La entrega de comprobantes informativos a pacientes atendidos en hospitales públicos de Misiones generó polémica y debate en redes sociales durante los últimos días. El documento detalla cuánto costaría cada prestación médica en el sector privado, aunque desde el sistema sanitario aclararon que la atención continúa siendo gratuita para los pacientes.
El tema fue abordado por el médico y exdiputado provincial Martín Cesino, quien defendió la medida y sostuvo que el objetivo es “mostrar dónde se invierten los recursos públicos”.
“Es importante que la gente sepa cuánto implica la inversión en salud. No es un cobro al paciente, sino una forma de transparentar lo que el Estado invierte en cada atención”, explicó.

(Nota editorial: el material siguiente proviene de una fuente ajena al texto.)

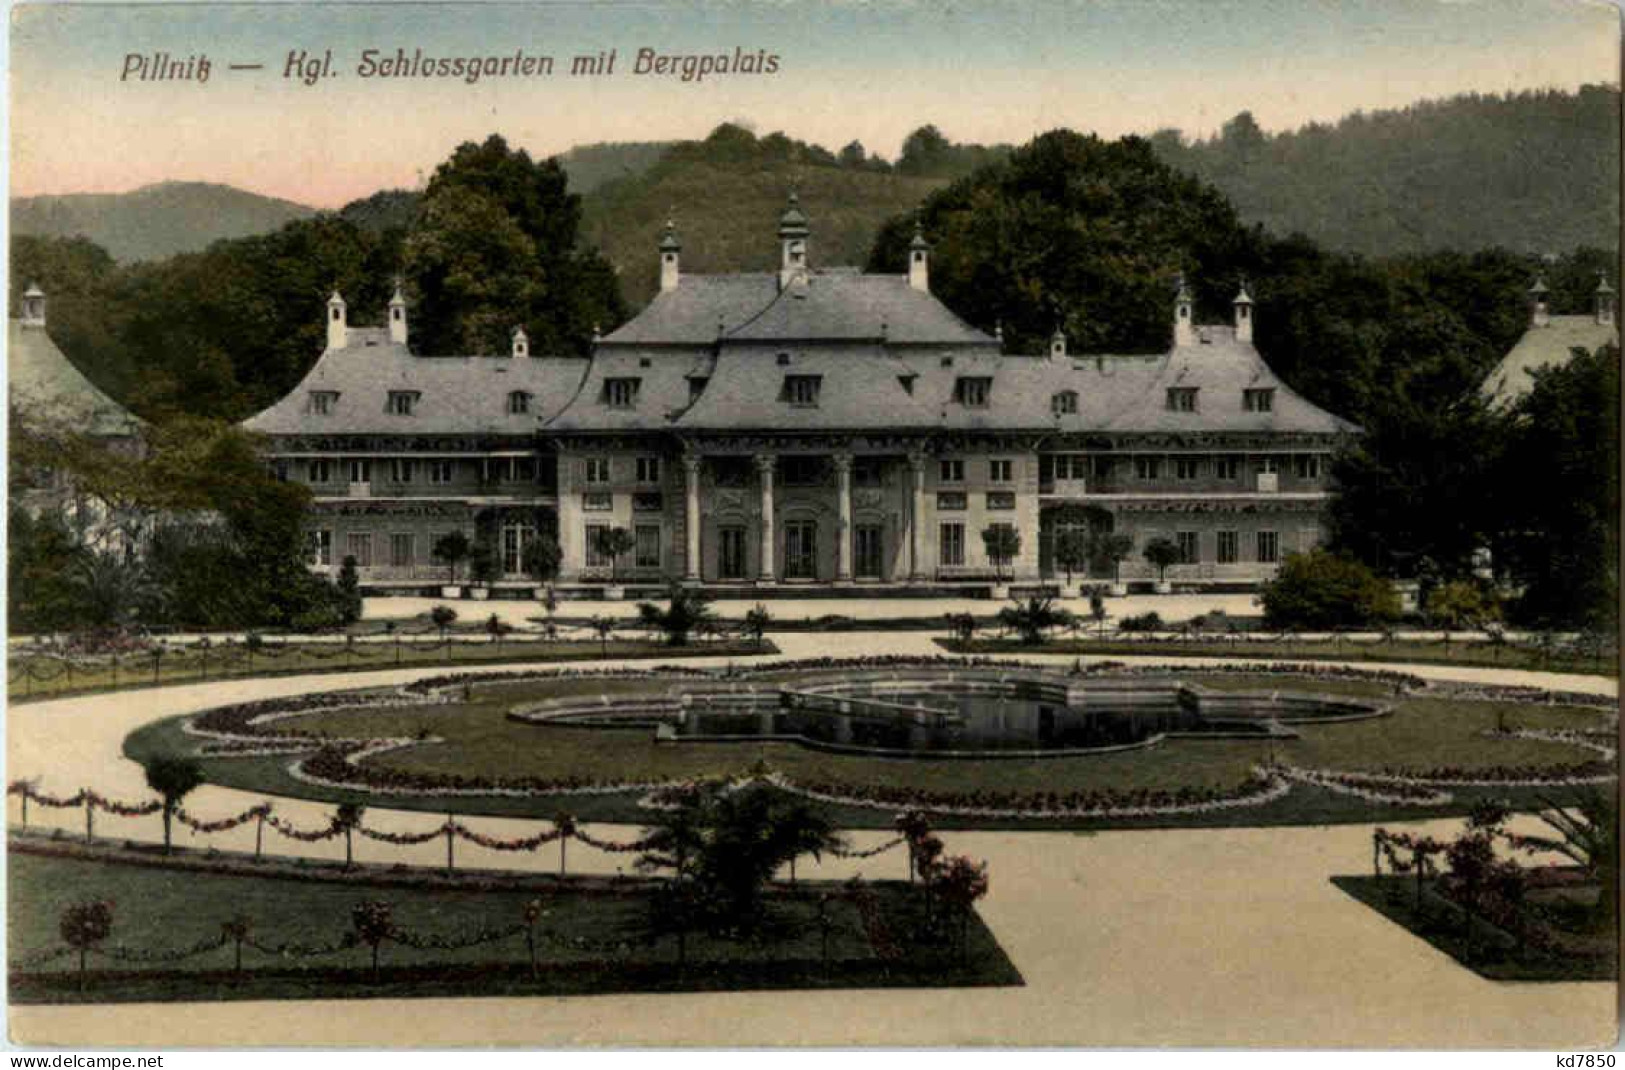 Pillnitz - Schlossgarten - Pillnitz

Según indicó, el comprobante funciona como un detalle informativo del valor estimado de consultas, estudios, medicamentos o procedimientos realizados dentro del sistema sanitario público. “La salud sigue teniendo costo cero para la persona que se atiende”, remarcó.
Sin embargo, la iniciativa despertó críticas en redes sociales, donde algunos usuarios interpretaron la medida como una forma de “hacer sentir culpables” a los pacientes por utilizar el sistema público.
Ante esas opiniones, Cesino consideró que hubo “mala información” y aseguró que el espíritu de la propuesta es generar conciencia sobre la importancia de sostener el sistema sanitario.
“Es la inversión que hacen todos los misioneros con sus impuestos para garantizar derechos fundamentales como la salud”, expresó.

El médico también contextualizó la discusión al señalar el fuerte crecimiento de la demanda en hospitales públicos de la provincia. Según afirmó, solamente el Hospital Madariaga atendió cerca de 200 mil pacientes en los primeros meses del año.
Además, aseguró que una parte importante de quienes recurren al sistema público posee obra social o prepaga, pero enfrenta dificultades para acceder a turnos, cobertura médica o medicamentos.
“Muchos pacientes dejaron de pagar la prepaga porque no pueden sostener el costo. Otros tienen obras sociales que no cubren estudios o demoran prestaciones, y terminan recurriendo al hospital público”, explicó.
En ese sentido, defendió el rol del sistema sanitario provincial y destacó que la atención se mantiene garantizada independientemente de la situación económica o cobertura médica de cada paciente.
“El hospital atiende a todos. Lo único que se pide es el documento para ingresar al sistema”, afirmó.
La polémica continúa abierta en redes sociales, donde usuarios debaten entre la necesidad de transparentar el gasto público y el temor a que la medida pueda interpretarse como un intento de “poner precio” a la salud pública.